Interview by Gwen Wilcox, COO, Armstrong Wolfe
Striving for authentic leadership
Peter Zorn
Talent & Transformation, IBM
“The outcome of this journey, so far, has truly delivered a culture of continuous learning, high employee engagement, increased retention, and active internal mobility”
Career to Date
I’ve been extremely fortunate to have lived and worked in fourteen countries throughout my career. I actually started as a ‘Fax Receiver’ four floors below ground in a ‘lock box’ on Wall Street working my way through University. Unless you are of a certain age, there are many things about that sentence which won’t make sense to you! The role was in global custody and it involved settling trades, booking foreign exchange and protecting the assets of fund managers around the world.
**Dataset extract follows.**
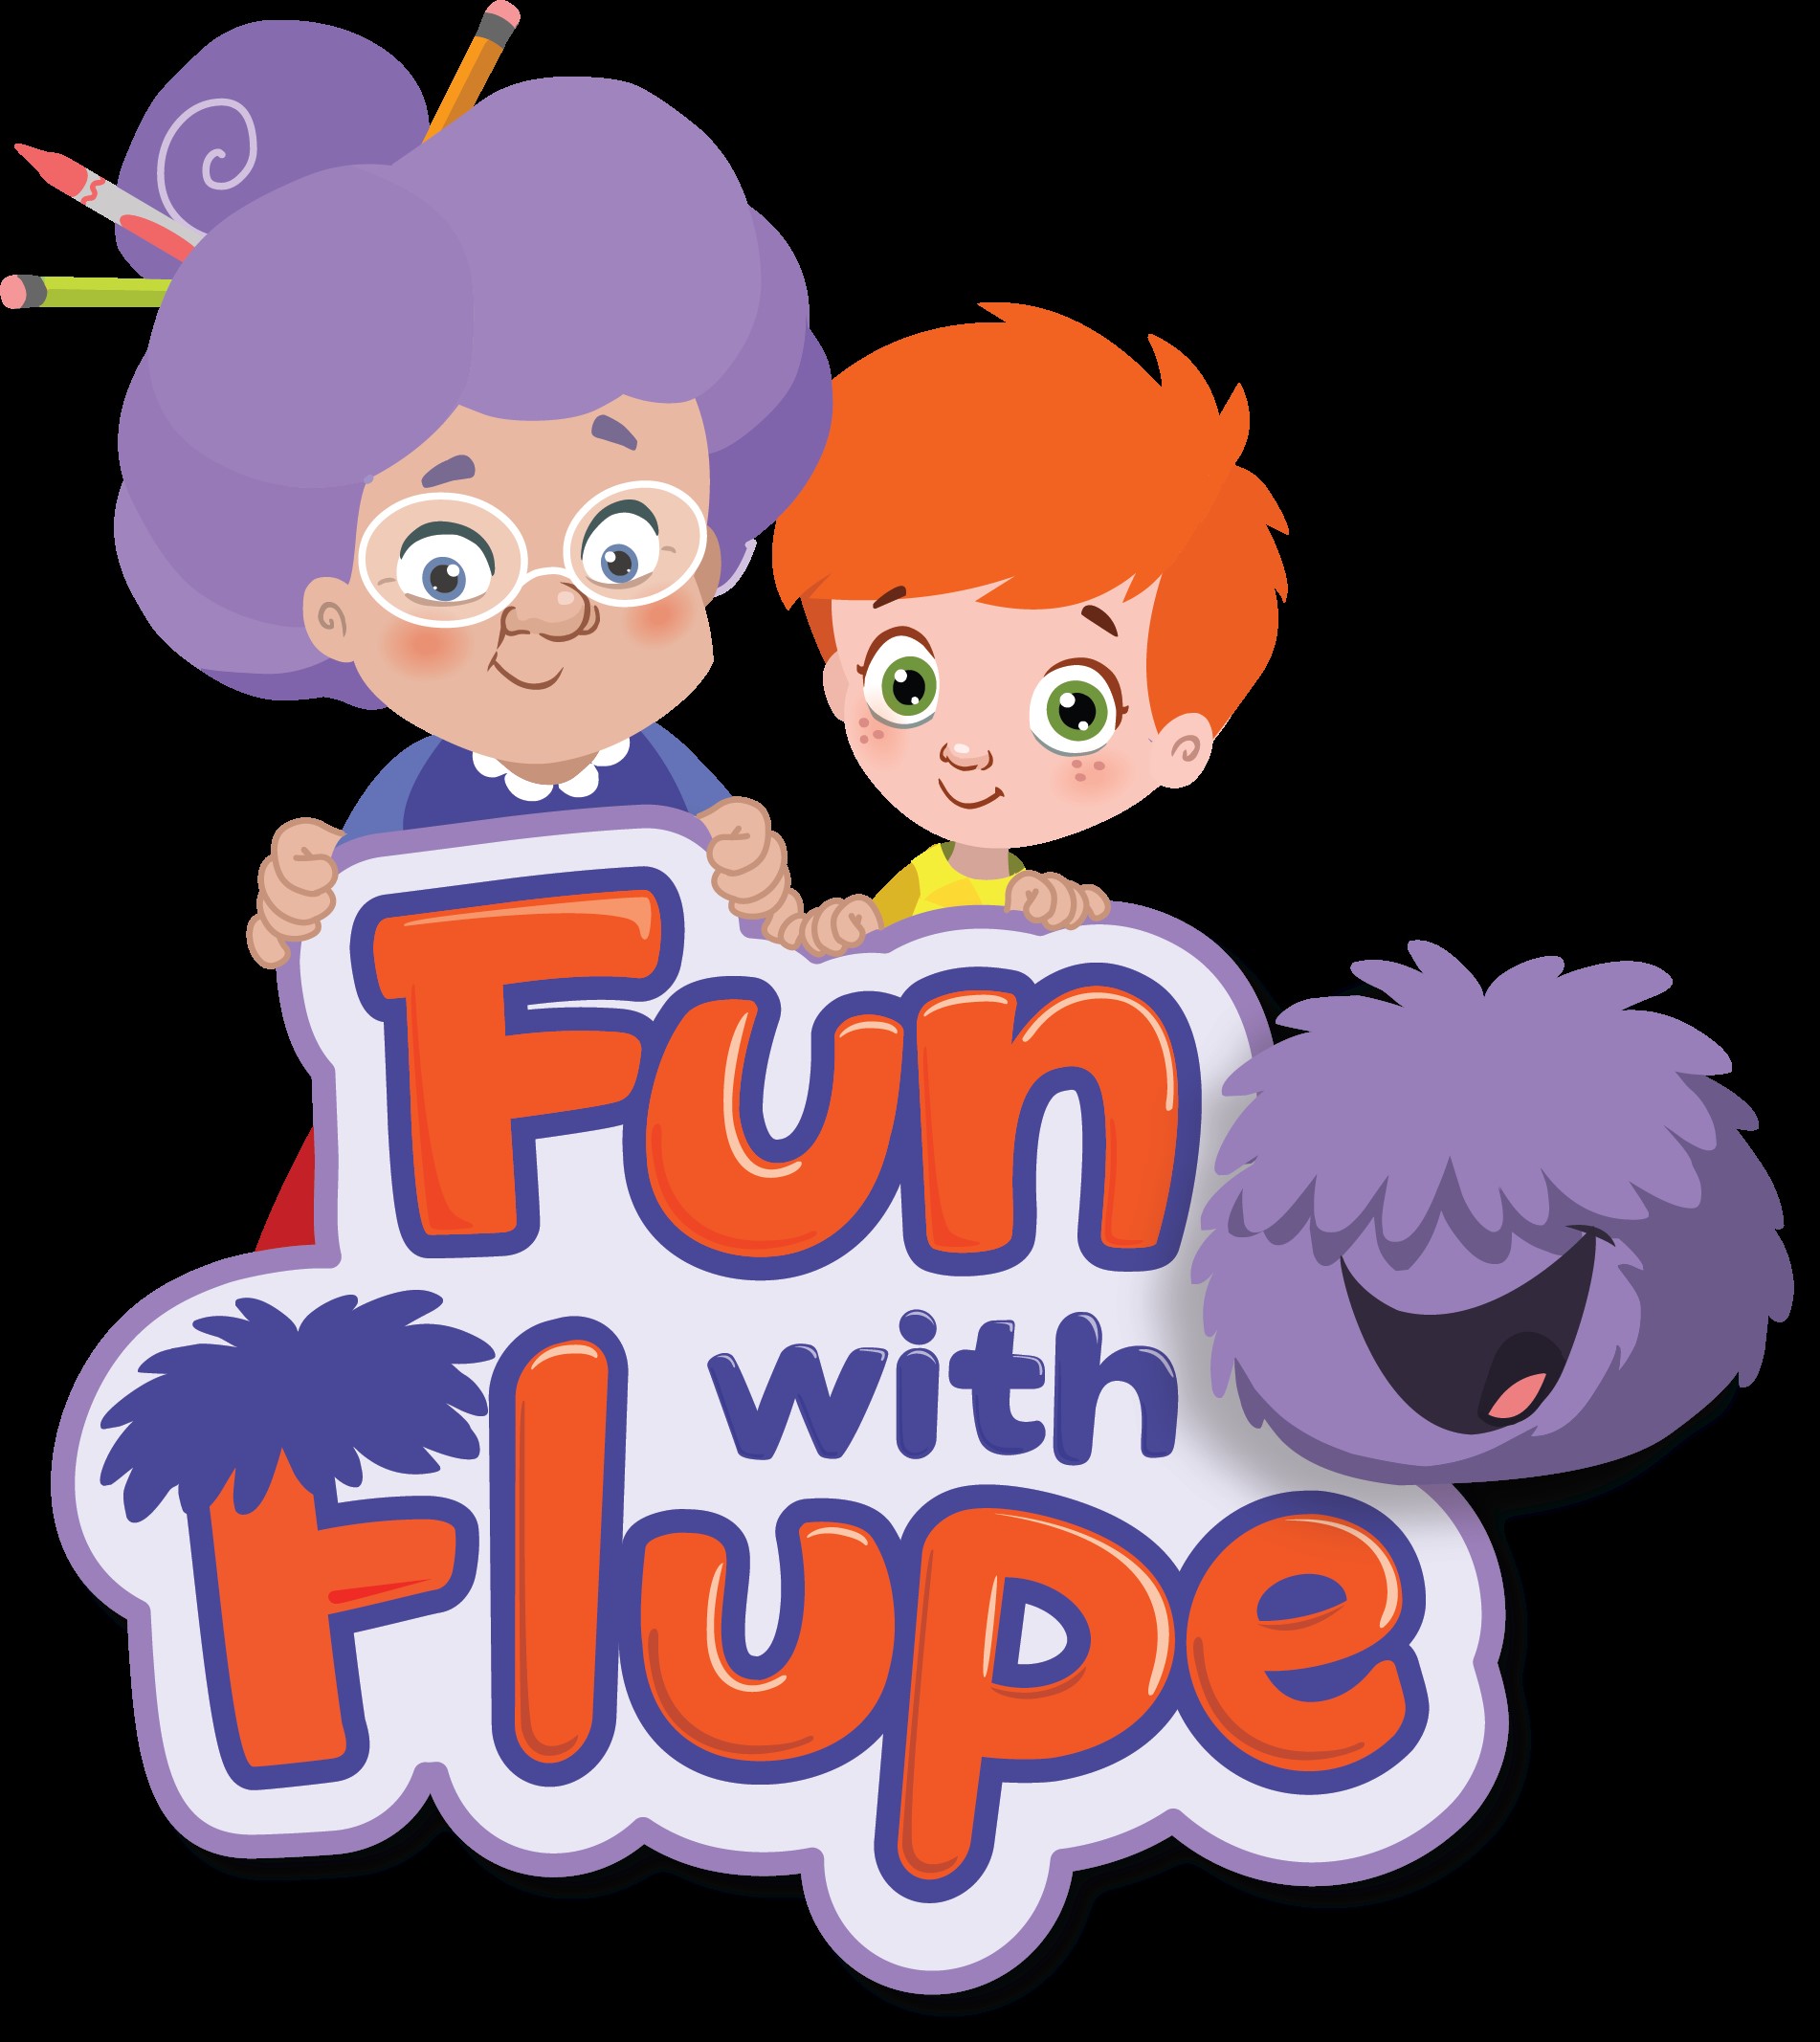 Fun with Flupe

I had a manager who ensured I saw the bigger picture around how securities and cash moved around the world as well as the role of central market infrastructure players in making capital markets work. While it sounds mundane, this role rooted my fundamental understanding of process and how capital flows globally which set up the foundations for everything I’ve done since. That was the start of a global trajectory which has taken me across every continent multiple times over the past twenty-five plus years in financial services working for global investment banks as well as professional services firms, most recently IBM in Australia.
The IBM Culture and How to Empower People
IBM has been on a multi-year journey characterised by a ‘Skills-based’ transformation starting about seven years ago. The outcome of this journey, so far, has truly delivered a culture of continuous learning, high employee engagement, increased retention and active internal mobility. It started with policy (Think40 whereby all employees must log a minimum of 40 hours training per year on company time), but it has taken hold and now learning is part of daily life. Three key words permeate the enterprise culture: Transparency, Visibility and Personalisation.
Interesting Outcomes
A few remarkable outcomes which have aided our enterprise workforce reinvention include: 1) a nearly 300% increase in learning hours per employee from 27 hours to 73 hours annually; 2) 81% of IBMers have changed roles internally in the past 3 years; and 3) over 65% of our revenue in 2021 came from roles / skills that did not exist just ten years ago yet our attrition rate globally remains around a consistent 10%. That last fact is perhaps the most interesting in proving the importance of a learning culture – we did not simply hire a bunch of new people but rather guided and ‘nudged’ our people in the direction for them to choose their own path to success.